The "little junior", as his name translates from Portuguese, is big news in Middlesbrough and in greater Britain. Back home, however, it is a different story. In Juninho's home city the name on everyone's lips, and on every back page, is the one which has replaced his own on Mario Zagallo's national team-sheet. While England has waited for news of Boro's brilliant Brazilian - is he bound for Madrid or Manchester? - Sao Paulans have been preoccupied with Djalma Feitosa Dia, or Djalminha, as the man who has assumed the treasured yellow No 10 shirt is more popularly known.

Djalminha has eclipsed Juninho as the rising star of Brazilian football with his dazzling midfield displays with Palmeiras, the Sao Paulo club which gave English football its first Brazilian (Mirandinha, of whom Jim Smith, his manager at Newcastle, famously said, "he was more concerned about his pig farm back home".) Spanish eyes have taken note. Indeed, it was reported in Spain on Thursday that Deportivo La Coruna had signed Djalminha for pounds 4.3m. The story in Sao Paulo, however, is that the 26-year- old will remain a Sao Paulo player until after he appears in the World Cup shop window in France next summer - unless Deportivo up the bidding towards pounds 7.5m.

A passing interest from Manchester would not be surprising, if Leandro Loyola's appraisal of the wanted man is noted. "Djalminha is not so much like Juninho," Loyola, football correspondent of Noticias Populares, mused. "He is more like Eric Cantona." The comparison, it must be said, is largely founded on a temperament as volatile as the volcanic Cantona vintage; Djalminha was released by his first club, Flamengo, after coming to blows with a team-mate and stormed off home in his kit when he was sent off for bad-mouthing the referee in a Brazilian Cup tie last week.
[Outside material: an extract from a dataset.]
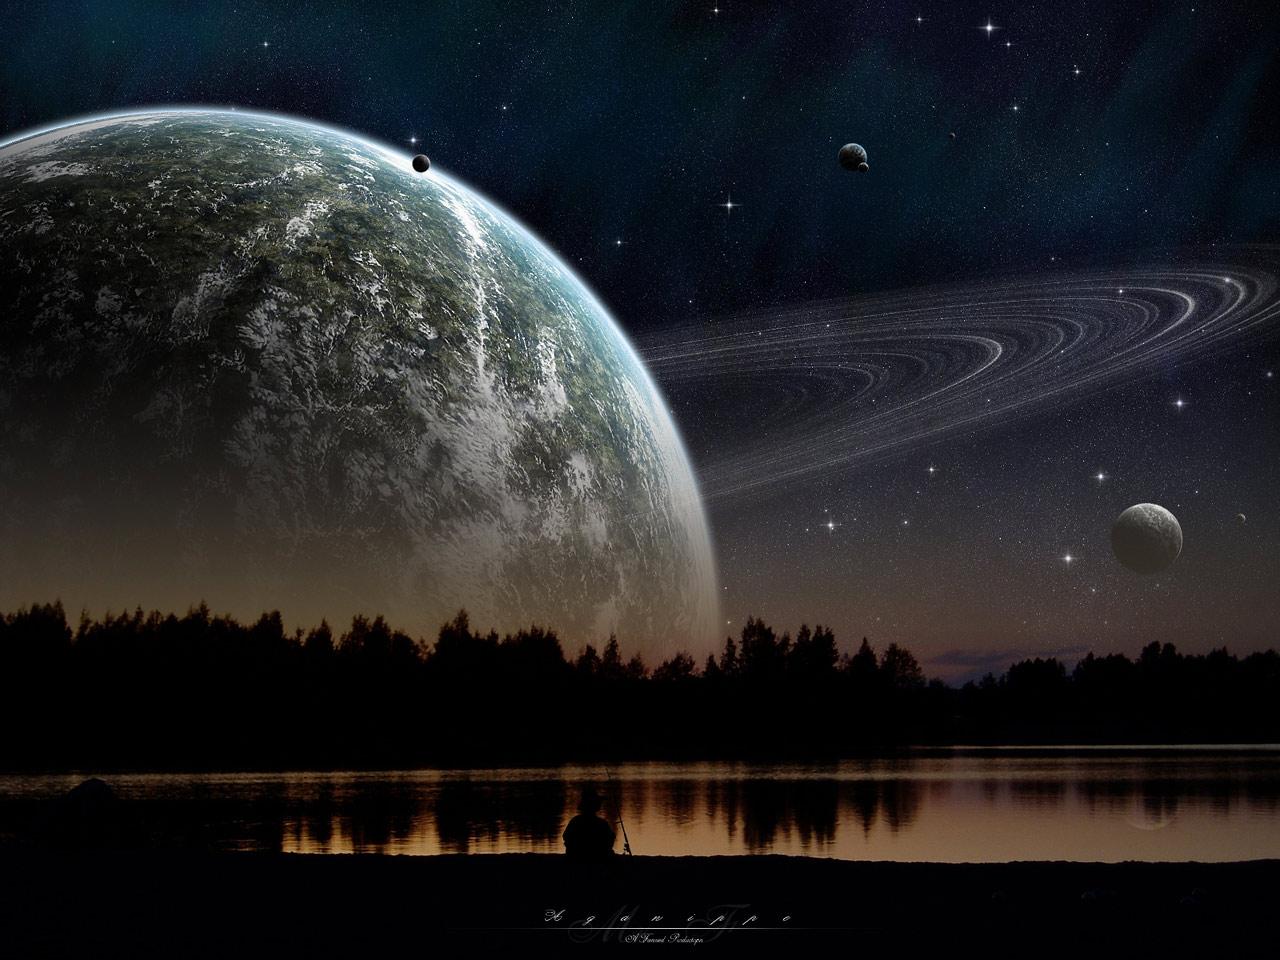 Hd wallpaper night - Natural Night Wallpaper

But, as Zagallo pointed out, in support of the squad he has chosen for the Tournoi de France and the Copa America, there are functional football differences between Djalminha and Juninho.

"Djalminha is more what we call the classic type of Brazilian player," Zagallo said. "He is not as fast and he does not play as fast. He surveys the field and then picks his move. He is also more of an attacking player. Juninho is moving all the time; he comes back to help the midfield and the defence. We do not need that because we play with two defensive midfield players, Dunga and Marcio Santos.

"Djalminha has been playing better this season and he is in the team now. He will get his chance in France and in Bolivia when we play in the Copa America. But that does not mean Juninho will not go to the World Cup. We have one year to go and many more tests before then. Nobody has a place in that squad yet, not even Ronaldo."

To force his way in, Juninho knows he must spend his next club season on view to Zagallo. The Champions' League stage a move to Old Trafford would provide may yet prove an attraction; Juninho and his family have settled contentedly in the north of England. But the live transmission of Spanish League matches in Brazil could be the decisive factor. Atletico Madrid claim to have agreed terms already with the player's father, Oswaldo Giroldo, though Juninho - on holiday with his mother and sister in Rio - has yet to commit himself.

Middlesbrough are unlikely to rubber-stamp a transfer for less than pounds 12m, and Atletico's latest bid did not stretch to eight figures. Boro's trophy cabinet remains empty but their cupboard is far from bare. They still have their prized asset: their pounds 4.75m investment from Sao Paulo.